Everything from the line holding "Plaza George Orwell" to the end of the listing below should be copied exactly, line for line, minus the pictures.

▶ Input data
■ ■ ■ ■
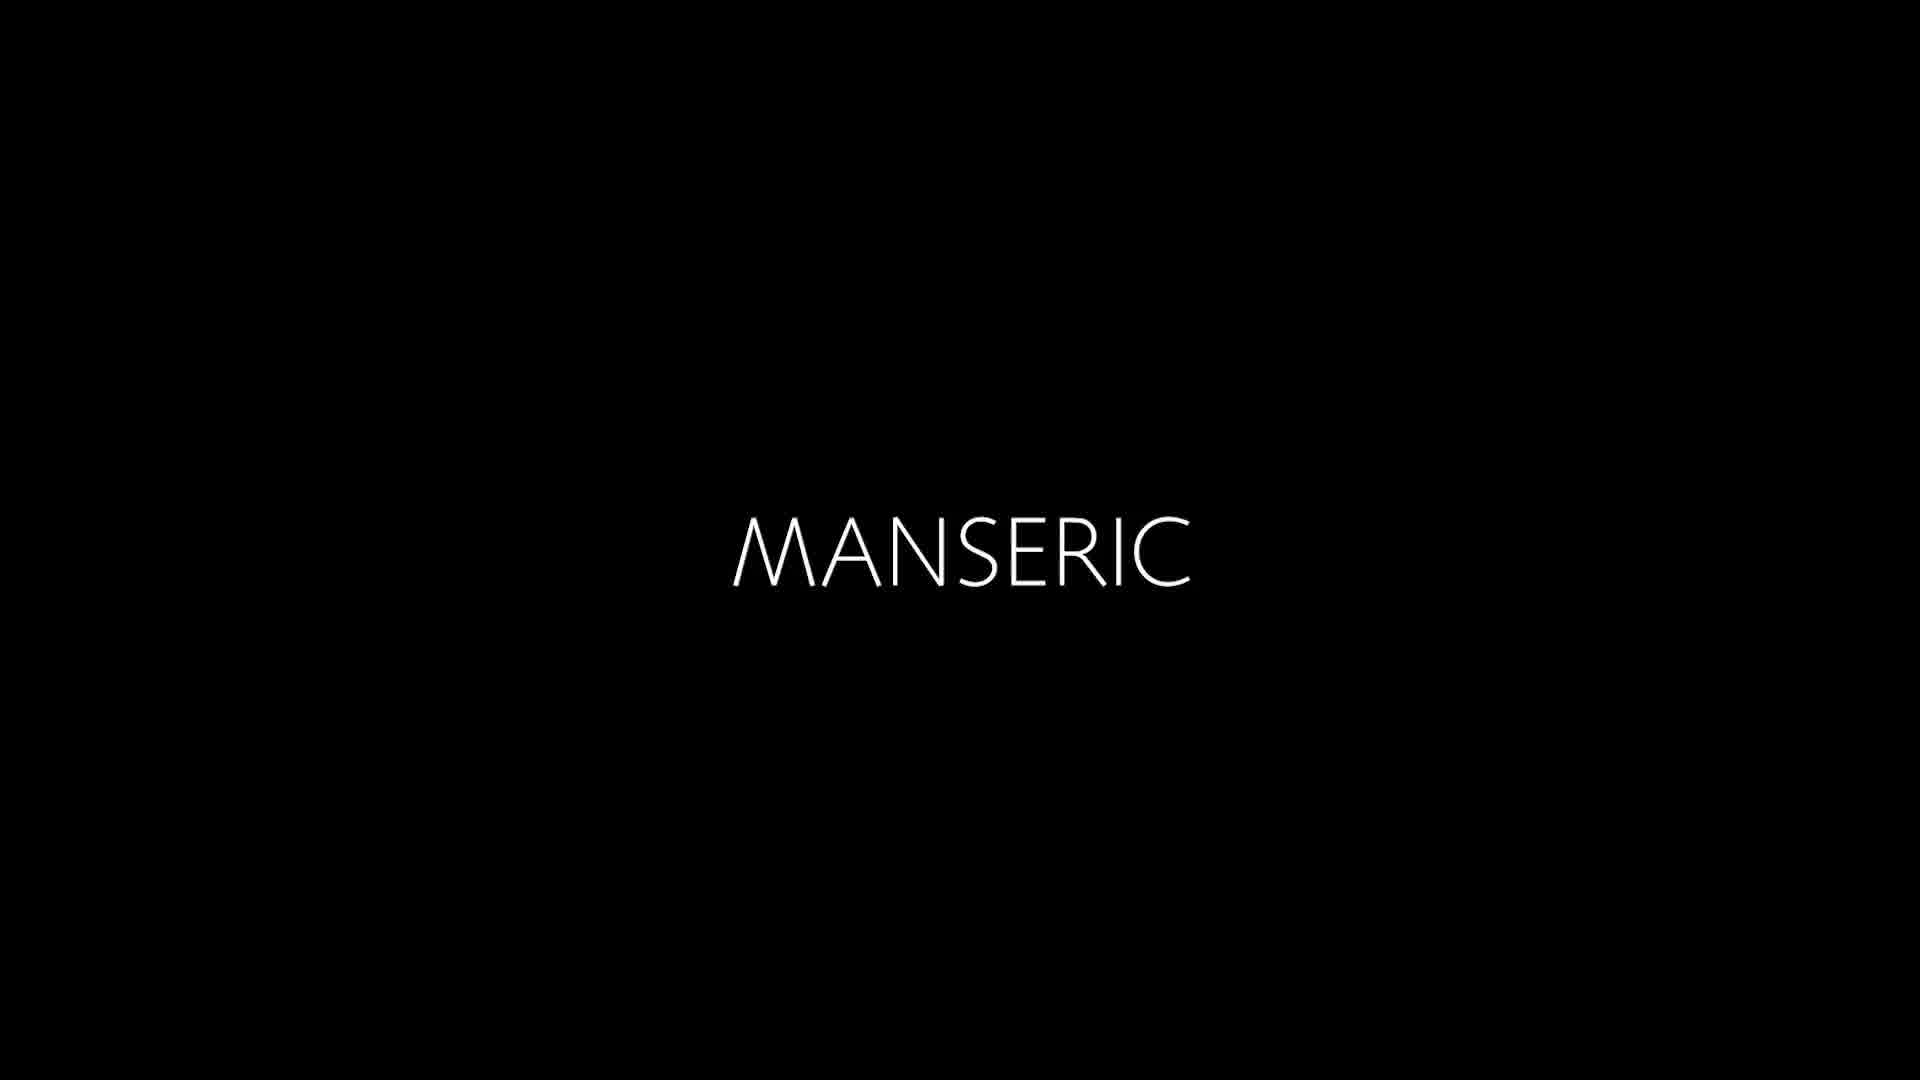 مانسریک manseric
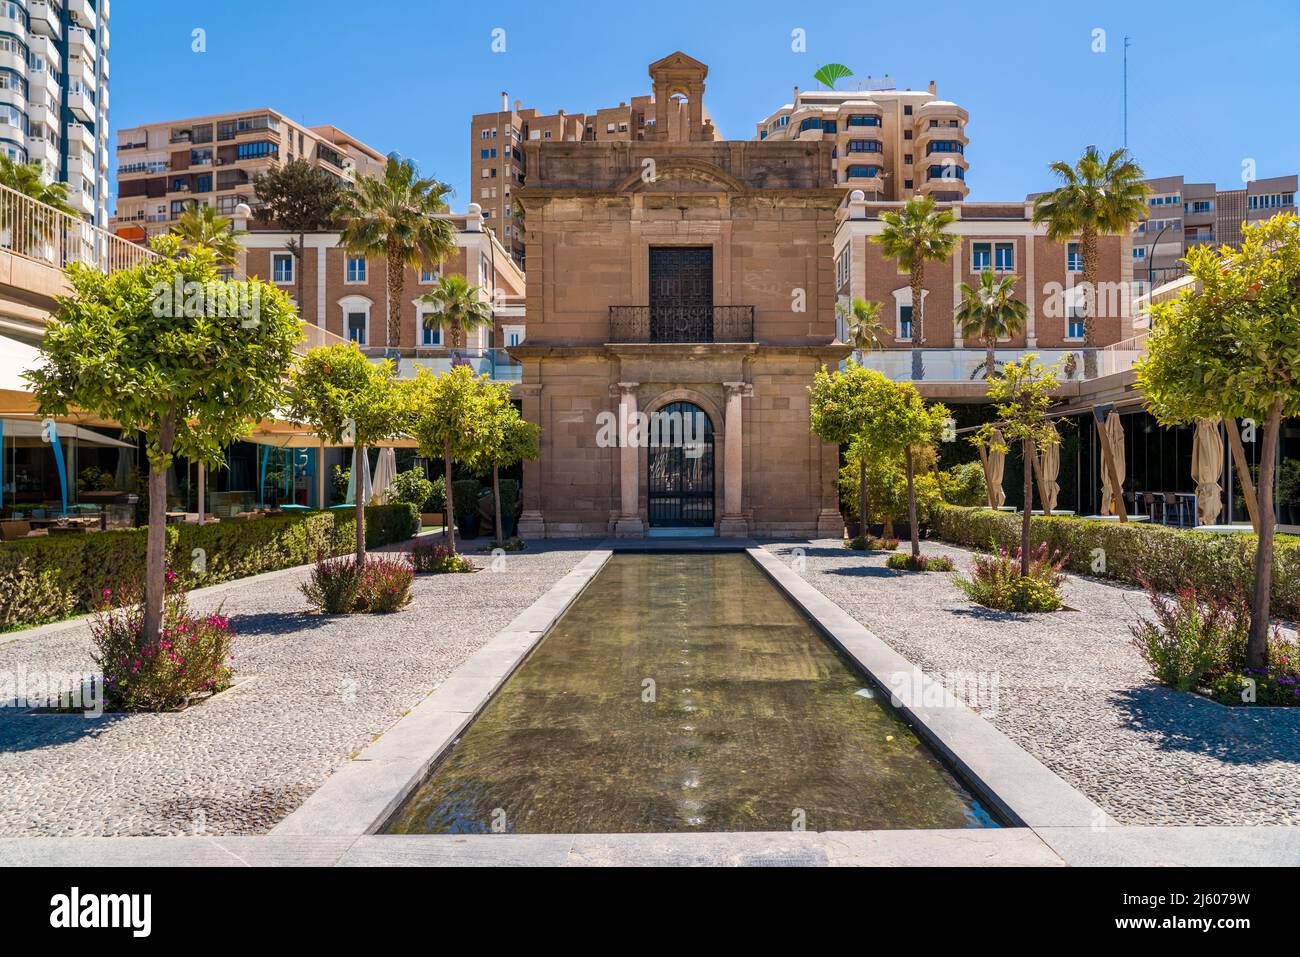 Die Kapelle des Hafens von Malaga befindet sich in der Stadt Málaga im Bereich des Hafenhafens 'Muelle Uno'. Errichtet als Oratorium im Jahre 1531 weiter draußen im Hafengebiet. Stockfoto
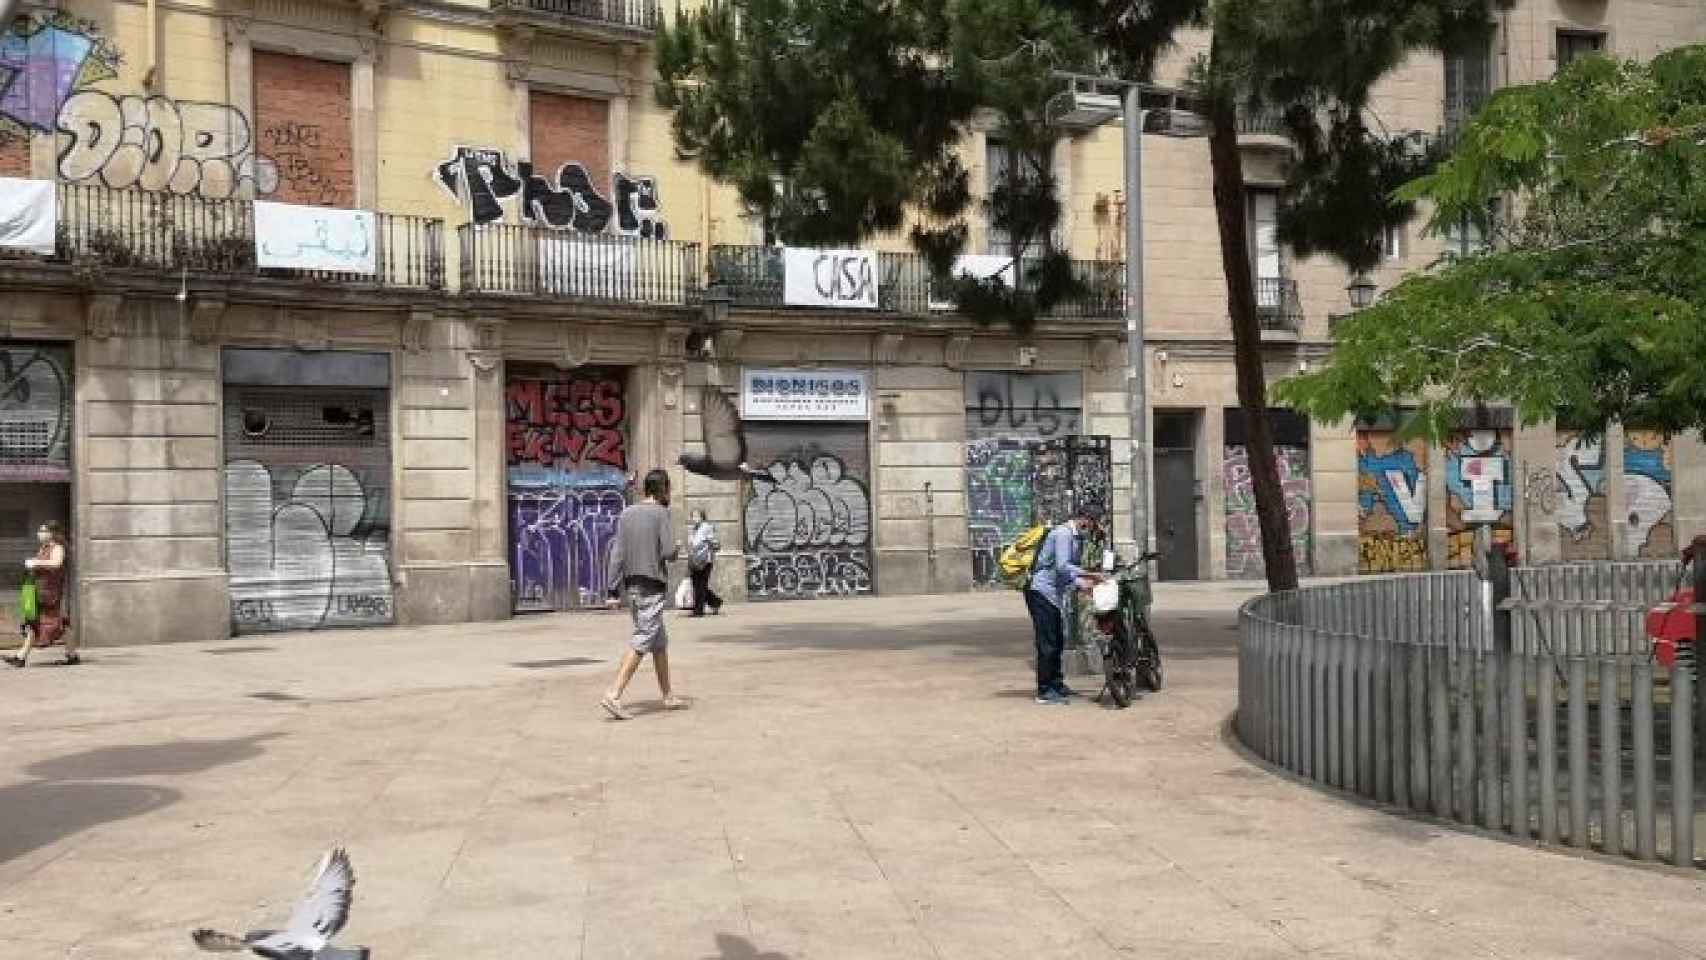 Plaza George Orwell de Barcelona, en una imagen tomada el 25 de mayo / METRÓPOLI ABIERTA
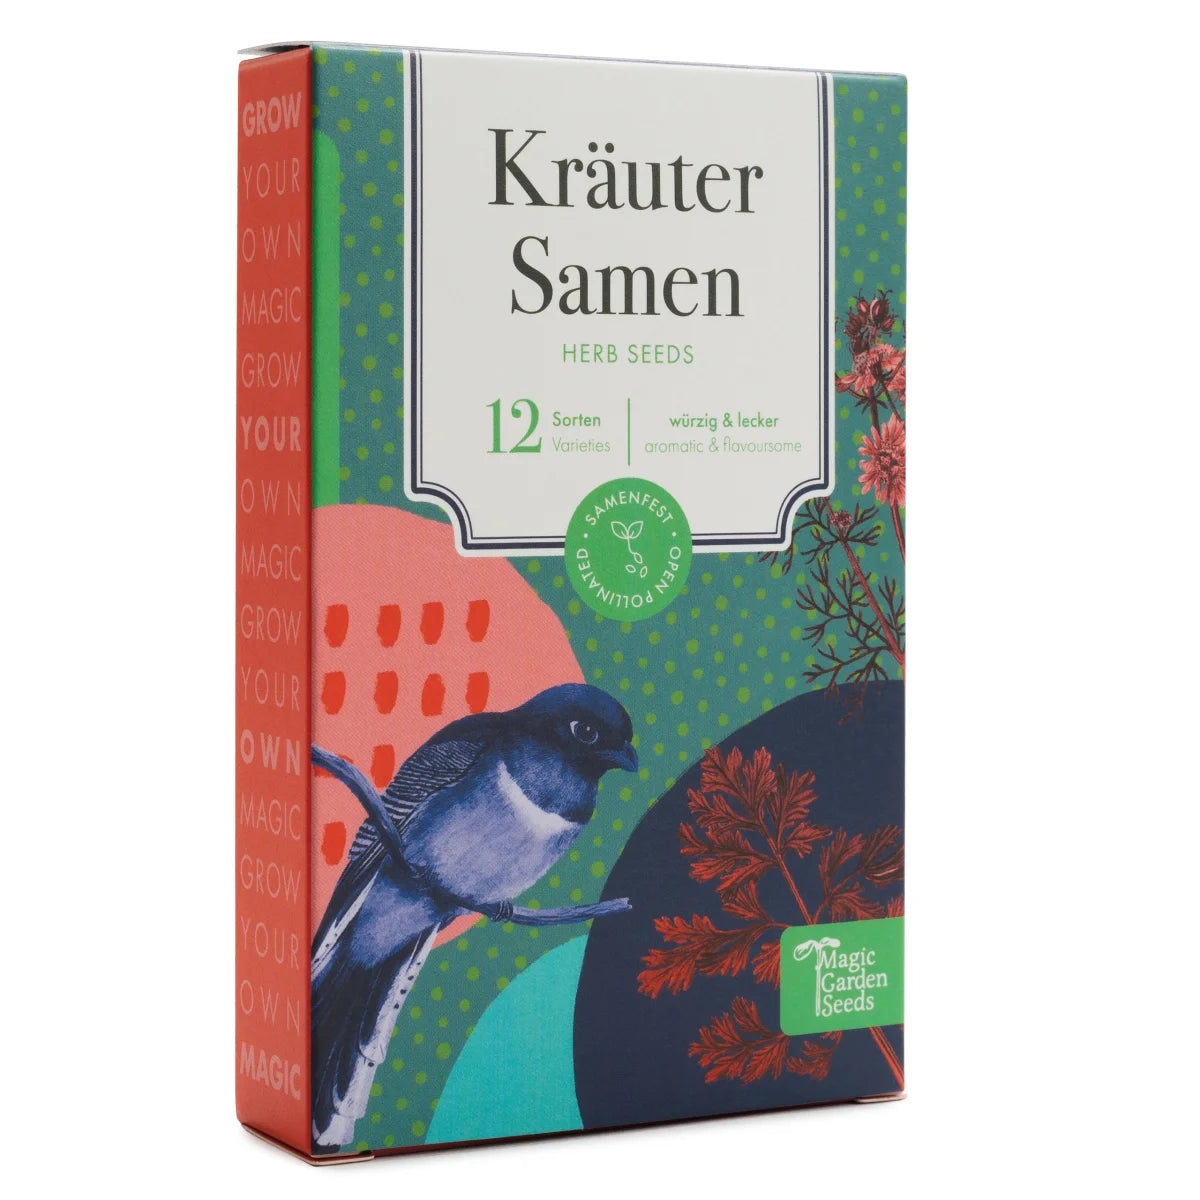 SALE Kräutersamen - 12 samenfeste würzige & leckere Kräutersorten
■ ■ ■ ■
▶ Solution for this problem
 Plaza George Orwell de Barcelona, en una imagen tomada el 25 de mayo / METRÓPOLI ABIERTA
 SALE Kräutersamen - 12 samenfeste würzige & leckere Kräutersorten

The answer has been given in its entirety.